Поднос под белым платом фрау Маргит относила в церковь, патеру Лукачу. Перед тем как выйти с облатками на улицу, она перерывала весь дом, отыскивая свой черный головной платок. «Я изучать, где, а fene[1], может быть эта тряпка», — говорила фрау Маргит.

Жестянку из-под печенья она, когда читала газету, взятую у фрау Грауберг, или свой молитвенник, ставила поближе, под левую руку. Читала и, не глядя, запускала руку в жестянку и хрустела остатками от облаток.

Если фрау Маргит случалось не в меру начитаться и налакомиться отходами облаточного производства, в желудке у нее разливалась такая святость, что, приступая к чистке картошки, фрау Маргит рыгала — и ругалась еще крепче. А для меня, с тех пор как я познакомилась с фрау Маргит, святость сделалась чем-то сухим и белым, хрустящим на зубах, после чего рыгают и изрыгают брань.

Иисуса своего фрау Маргит прикупила во время одной из поездок в августе с паломниками, наспех, по пути от автобуса к паперти храма, которому приехала поклониться. Иисуса вытащили из мешка, набитого распятыми Иисусами. Иисус, которого она лобызала, был изделием из отходов фабричного производства жестяных баранов и товаром, которым в свободные дни приторговывал по деревням некий умелец, работавший сутки через трое. Праведного в этом Иисусе на стене только и было что краденая жесть и обман государства.
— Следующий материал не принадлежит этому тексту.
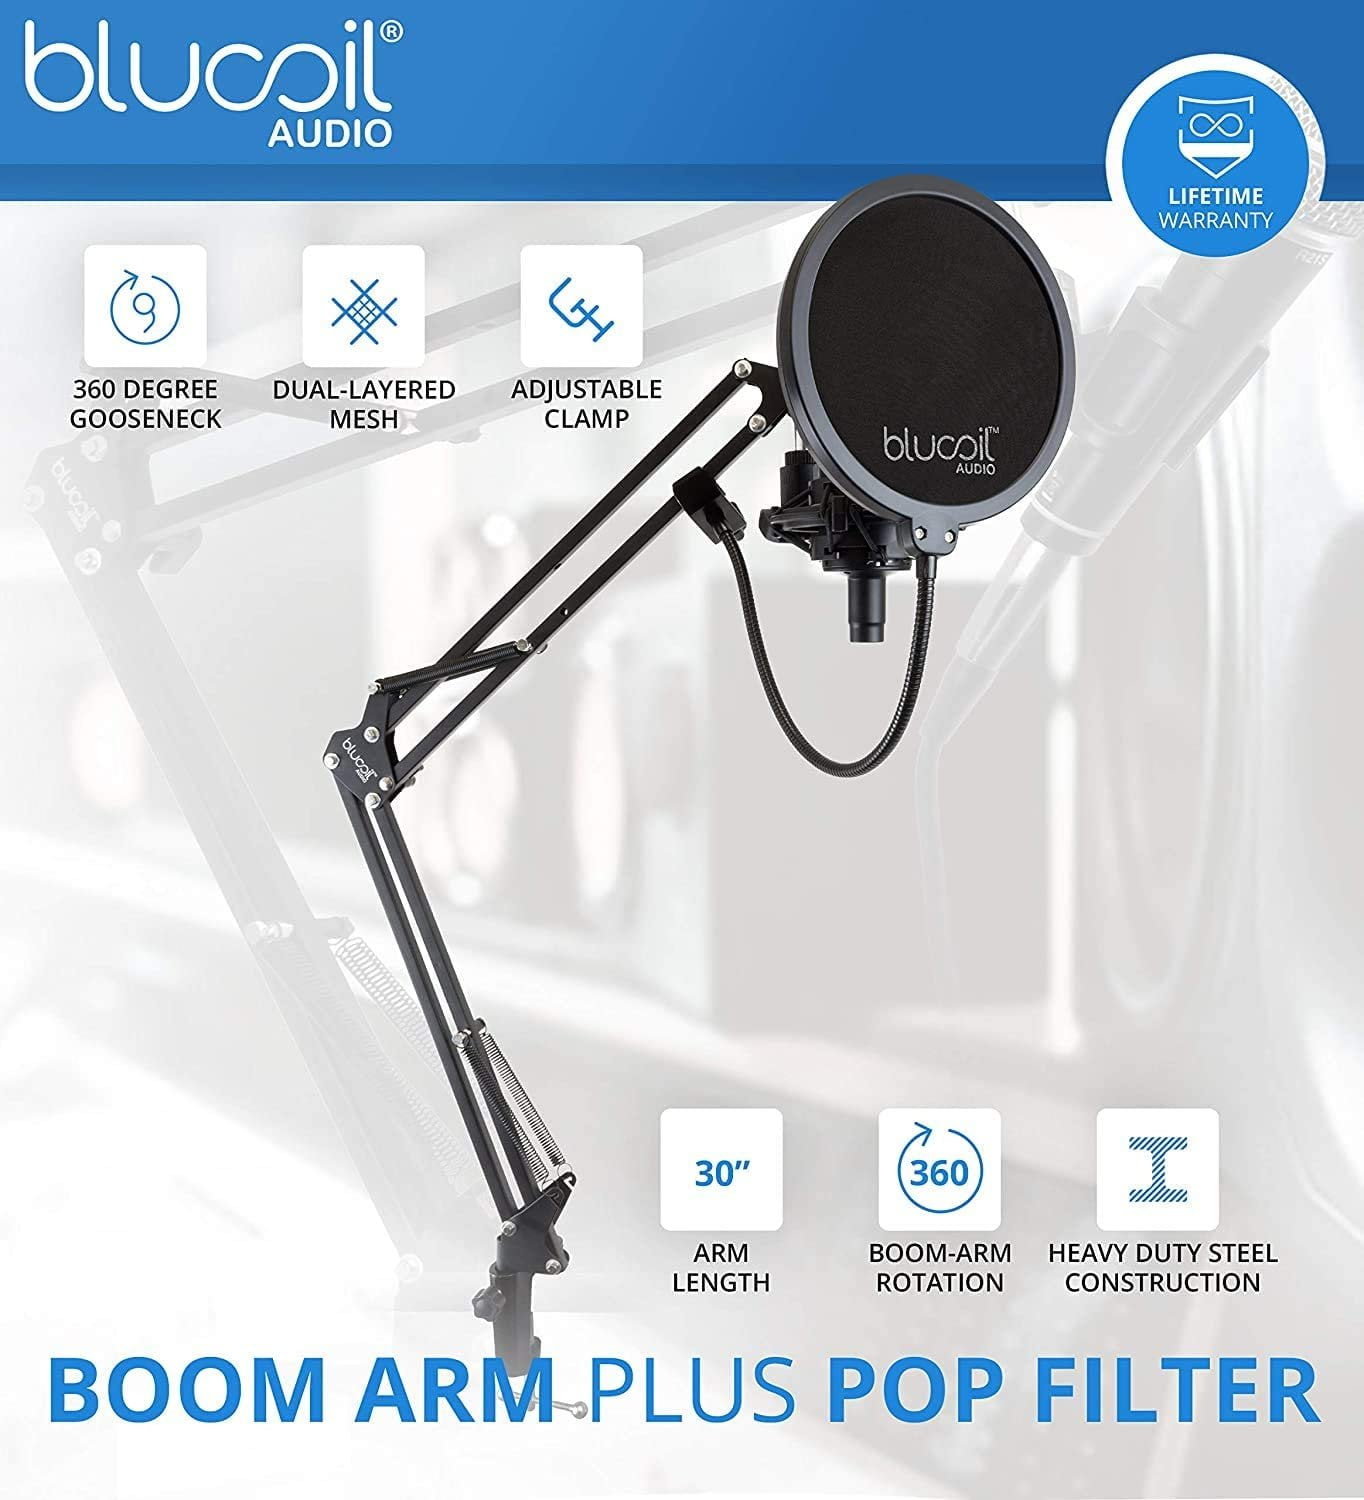 and 10-FT Balanced XLR Cable Blucoil Boom Arm Plus Pop Filter PreSonus AudioBox USB 96 25th Anniversary Audio Interface for Windows and Mac Bundle with MXL 770 Cardioid Condenser Microphone Silver

Как и любой Иисус в мешке, этот тоже на другой день после странствия по святым местам обратился в деньги, брошенные на стол и пропитые в кабаке.

Окно в комнате фрау Маргит выходило во внутренний двор. Там росли три высокие липы, а под ними был садик размером с небольшую комнату, запущенный, со сломанным деревцем — буксом — и густой травой. На первом этаже жили фрау Грауберг с внучком и господин Фейерабенд, старик с черными усами. Он часто сидел на стуле у дверей своей квартиры и читал Библию. Внучек фрау Грауберг лазил по сухим ветвям букса, а фрау Грауберг несколько раз в день выкликала из окна одно и то же: «Иди есть!» А внучек одно и то же кричал в ответ: «А ты что-нибудь вкусненькое приготовила?» Фрау Грауберг грозила из окна, потом кричала: «Ну погоди, уж ты у меня запомнишь!» Фрау Грауберг переехала сюда с внуком из какого-то фабричного городишки. Не могла жить на окраине, да еще в доме, где мать ее внучка умерла после неудачно сделанного кесарева сечения. Отца у внучка вовсе не было. «Поглядеть нынче на фрау Грауберг, — говорила фрау Маргит, — так и не скажешь, что она из фабричного города. Фрау Грауберг носит интеллигентную одёжу, когда выходит в город». Еще фрау Маргит однажды сказала: «Евреи или очень умные, или очень глупые. Умный и глупый совсем не то же самое, что много знающий или мало знающий, — пояснила фрау Маргит. — Кто-то много знает, но он не умный человек, а другой знает мало, но он далеко не дурак. Что-то знать или быть глупым — на всё воля Божия. Господин Фейерабенд, конечно, очень умный человек, но от него воняет потом. И Бог тут ни при чем».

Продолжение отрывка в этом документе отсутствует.